Outrigger canoe made for Pacific takes on a prairie lake
MILAN - Gusty winds bore down the length of Lac qui Parle Lake, chasing up waves like a whitewater run on a wild river.
They were no match for an outrigger canoe designed for riding the swells of the Pacific Ocean.
Its crew of sailors were all new to this, but they laughed as they rode the waves and tested their time-proven craft on waters so far from its home.
“It’s a great platform for teaching language, culture and history,’’ said Vincente “Vince” Diaz of the watercraft. He brought the outrigger canoe to Randall’s Milan Beach Resort on Lac qui Parle Lake on Sept. 3.
His crew of paddlers were members of Milan’s Micronesian community. Some said they remember seeing outrigger canoes on their home island in the State of Chuuk, a part of the Federated States of Micronesia. They were very young at the time, maybe 5 years old, said one of the paddlers, Michael Elias. None had prior experience with the craft.
Diaz is an associate professor of American Indian studies at the University of Minnesota. A native of Guam, he is a researcher and author on the indigenous people of the Pacific. He has a great interest in outrigger canoes, and once produced a documentary on their important role in the lives of the people of the Pacific.
“They are the most dispersed people in the world,’’ said Diaz of what are known as the Austronesian people. Thanks to their watercraft, they can be found from Southeast Asia to the east coast of Africa. Remnants of their outrigger and double-hulled canoes have also been found on the western coasts of Peru and California. Their arrival in the Americas pre-dates Columbus by 400 or more years, he said.

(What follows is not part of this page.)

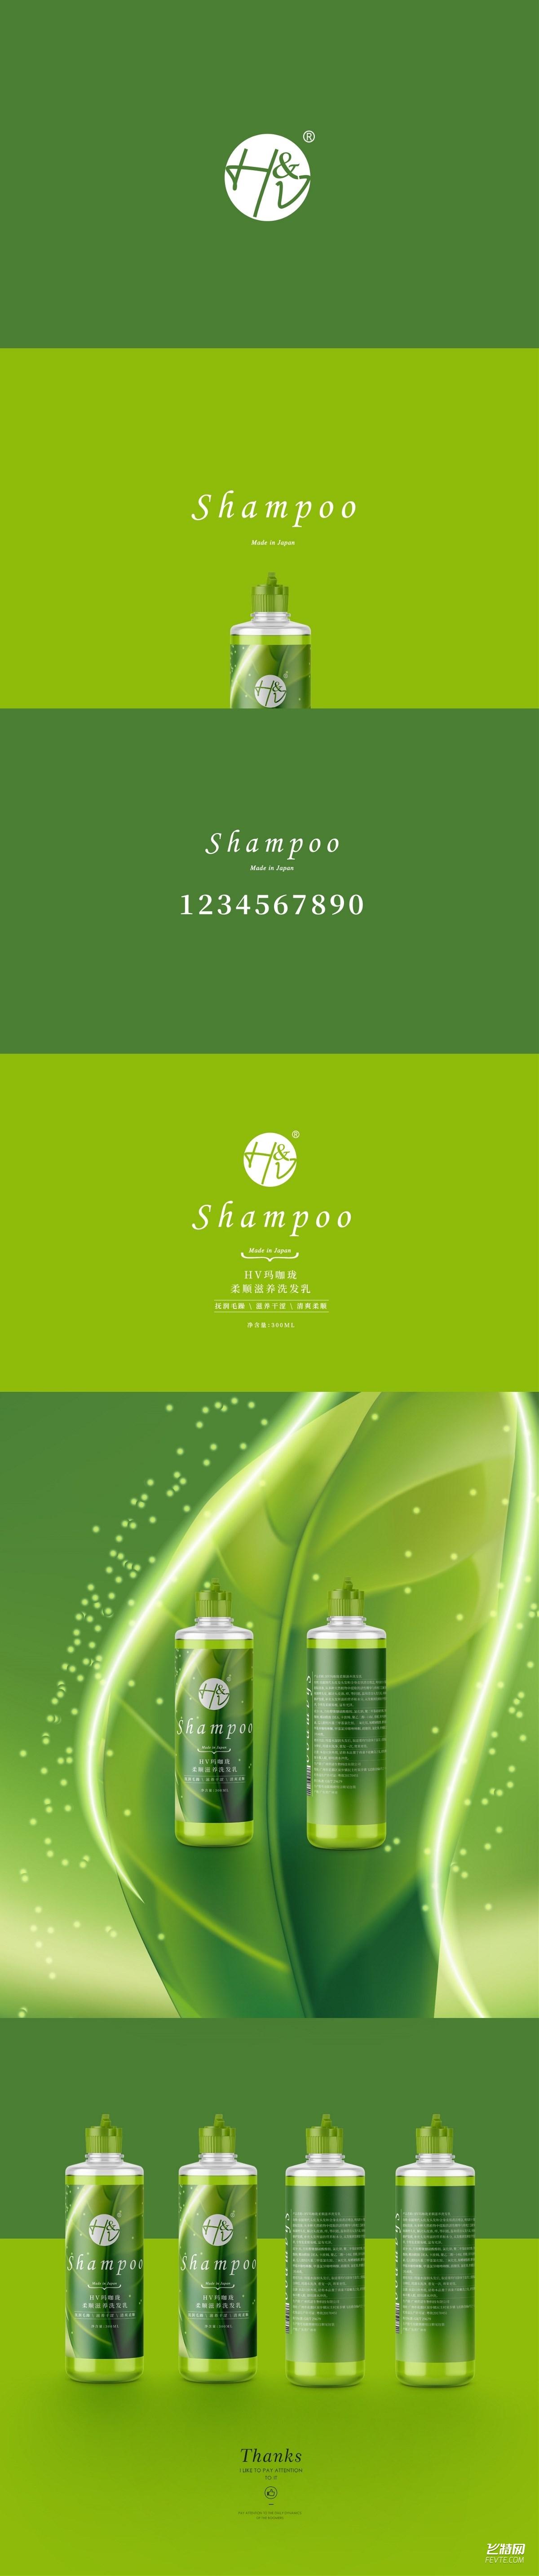 HV玛咖珑柔顺滋养洗发乳 飞特网 日用品包装设计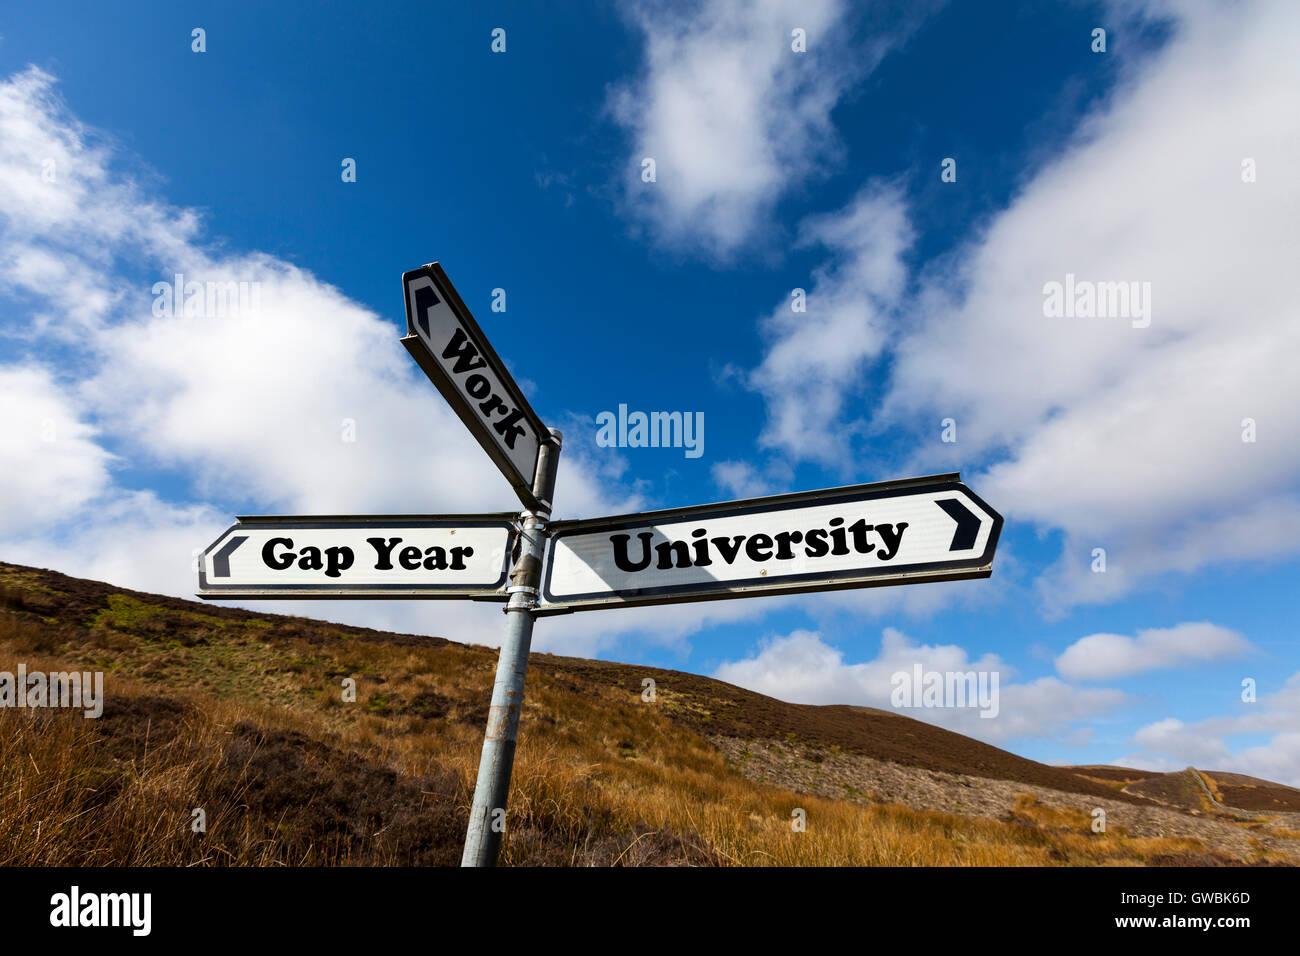 Anno Gap Università lavoro futuro scelta scegli la vita decisione decide di ulteriore istruzione direzione Immagini Stock

The outrigger canoe that rode the waters of Lac qui Parle Lake so easily had been built in Guam, but its design and technology owe to the people living on a small atoll in the state of Chuuk known as Polowat. Diaz said some of the people on the state’s more remote islands had preserved the culture and technology of outrigger canoes.
A revival has been taking place, and the use of the sea-worthy craft is being encouraged for modern day fishing and transport. “They’ve revived the traditions in the last 30 to 40 years in real, spectacular ways,’’ said Diaz.
This craft was displayed at the Smithsonian Institute in Washington D.C. as part of a world conference on indigenous people. The expense of shipping it back led the Institute to ask Diaz if he was still interested in keeping it instead. “Of course,’’ he said.
He has previously taught at the University of Michigan and the University of Illinois. This craft has proven itself - and attracted plenty of attention - on a lake near Champagne, Illinois.
It attracted lots of attention at Randall’s Milan Beach Resort too. Before they took it to the water, Diaz offered instructions to his sailors, along with lessons on how to raise its sail. Diaz judged wind conditions too risky for a novice crew of sailors that day, but plans are to bring it back to the lake on calmer days.
Diaz and his colleague, David Chang, American Indian instructor with the University of Minnesota, are hoping to help the Micronesian community build an outrigger canoe of their own this coming year.
They are also reaching out to the Dakota and Ojibwe communities. They are interested in discussing the canoe cultures of Minnesota’s native communities.